I’ve been working my way through Brad Stulberg’s The Way of Excellence for the past few weeks. Long-time fan. The book is about how to find the best in yourself and do your best work, and one line in chapter two stuck with me hard enough that I tried to highlight it twice (didn’t work):
“Yes, you can burn out from doing too much. But you can also burn out from not doing enough of what lights you up.”
We talk about the first kind of burnout constantly. Hours. Workload. Boundaries. The second kind is the one most ambitious people are actually living with right now, and lord knows that I’ve felt that way many a time in my career, and we keep calling it everything except what it is.
It’s misalignment dressed up as exhaustion.
You can hit every metric this quarter, get progressively better at the job, and still feel a low-grade static on Sunday night that you can’t quite name. It isn’t dread or depression. It’s the absence of charge. The kind of quiet hollow that creeps in when your mastery and your mattering have drifted apart from each other.
That “misalignment” is what this week’s essay is about.
The Hidden Burnout Driving Executive Exit
Let me give you the story that more or less played out in public.
Ray Allen won the NBA championship. The thing he had worked twenty years for. Days later, he felt empty. He wasn’t depressed. He had every reason to be celebrating. He was just hollow.
Stulberg writes about the moment in his book: “There is no greater illusion than thinking the accomplishment of some goal will change your life. What will change your life is how you are transformed in the process of going for it.”
Most of us know exactly what Ray Allen was describing. It’s just that we never have a word to really describe it. We’ve finished a big project. Launched a campaign, closed a deal. You hit your numbers. Forty-eight hours later, you’re already searching for the next thing, because the version of you that achieved it didn’t actually change.
I know I’ve been massively guilty of that. I’ve won trophies, launched websites, had decent successes, and the next day, I was looking for what’s next.
There’s cultural pressure underlying this, and Stulberg calls it “heroic individualism.” It’s the limiting belief that measurable achievement is the only arbiter of success. Whether you’re hitting OKRs at a SaaS company or building an audience of your own, the operating system is identical. Score more, win more, optimize. And on the days you aren’t scoring or winning or optimizing, you feel like you’re falling behind.
That’s the air we breathe. It exhausts us, and it disconnects us from the work we’re actually here to do.
The disconnection has a name, too. Brad calls it zombie burnout (anyone else miss Walking Dead?) — the burnout of doing too much that doesn’t matter. The half-dead shuffling through your week when none of what you do is actually lighting you up. (I wrote about a related version of this last year, about the calendar full of work but the week empty of progress.)
Here’s the split that matters. Heroic individualism is the cultural pressure. Zombie burnout is the symptom most ambitious operators see, and the prescription they reach for is rest. (I wrote a version of this point in a different context when writing about leading under chaos.)
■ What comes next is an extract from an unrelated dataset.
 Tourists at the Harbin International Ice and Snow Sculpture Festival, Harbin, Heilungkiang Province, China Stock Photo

Rest fixes fatigue. It doesn’t usually fix the hollowness.
Executive Burnout by the Numbers (2024–2026)
But what do the numbers say? They’re not what you would expect.
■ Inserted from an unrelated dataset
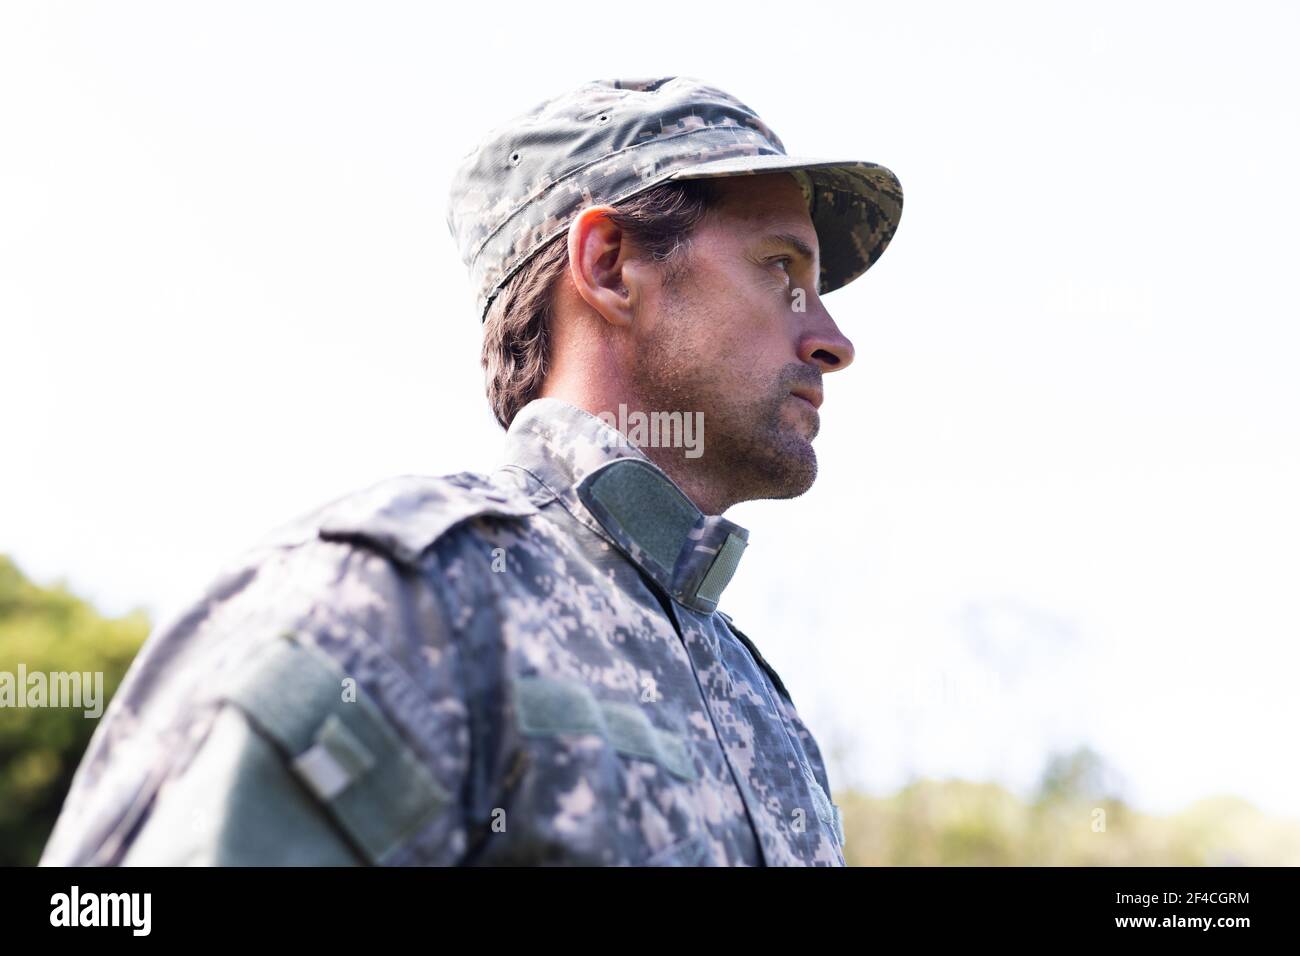 Caucasian male soldier wearing camo fatigues and cap standing outdoors looking away Stock Photo

Deloitte’s most recent C-suite well-being study found that nearly 70% of executives are seriously considering quitting their roles for jobs that better support their well-being. These are people at the top of their craft. The DDI Global Leadership Forecast 2025 surveyed nearly 11,000 leaders worldwide and found that 71% say their stress has increased significantly since entering their current role. Burned-out leaders are 3.5 times more likely to leave.
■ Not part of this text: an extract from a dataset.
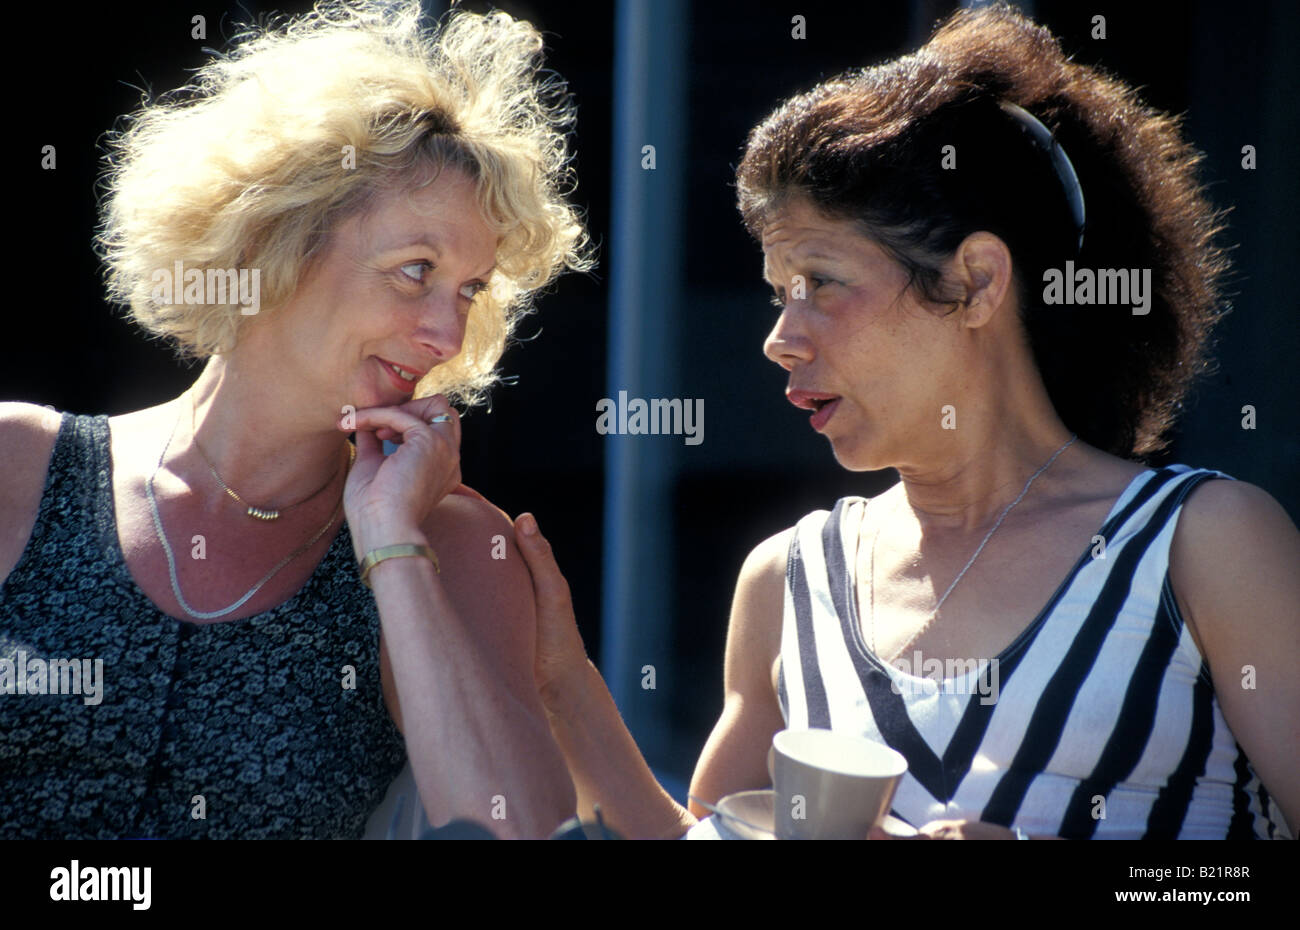 two middle aged women gossiping over coffee on outside terrace Stock Photo

The most honest research comes from a 2023 Frontiers in Psychology study by Kruger and De Klerk. They coined a term for what’s happening to senior leaders: existential burnout. Their case-study evidence shows what happens when an executive’s “anti-meaning” — the loneliness, the time scarcity, the identity fusion — outweighs the meaning they get from leading. It looks like success from the outside. From the inside, it feels closer to collapse.
Maunz and Glaser (2024) conducted a study in the Journal of Vocational Behavior in which they tracked 781 working professionals over 12 months and found that meaning and burnout co-evolve in a feedback loop. Eroding meaning leads to rising burnout. Rising burnout further erodes meaning. It’s a loss spiral, and the spiral pulls you down faster than the rest pulls you back up. Definitely not a win-win situation.
On the contrary, Mohamed El-Erian wasn’t an academic case. He was the CEO of PIMCO. By every external measure, he was running one of the most respected investment houses in the world. Then his ten-year-old daughter handed him a list of twenty-two milestones he had missed: recitals, parent-teacher conferences, birthdays. Months later, he decided to resign.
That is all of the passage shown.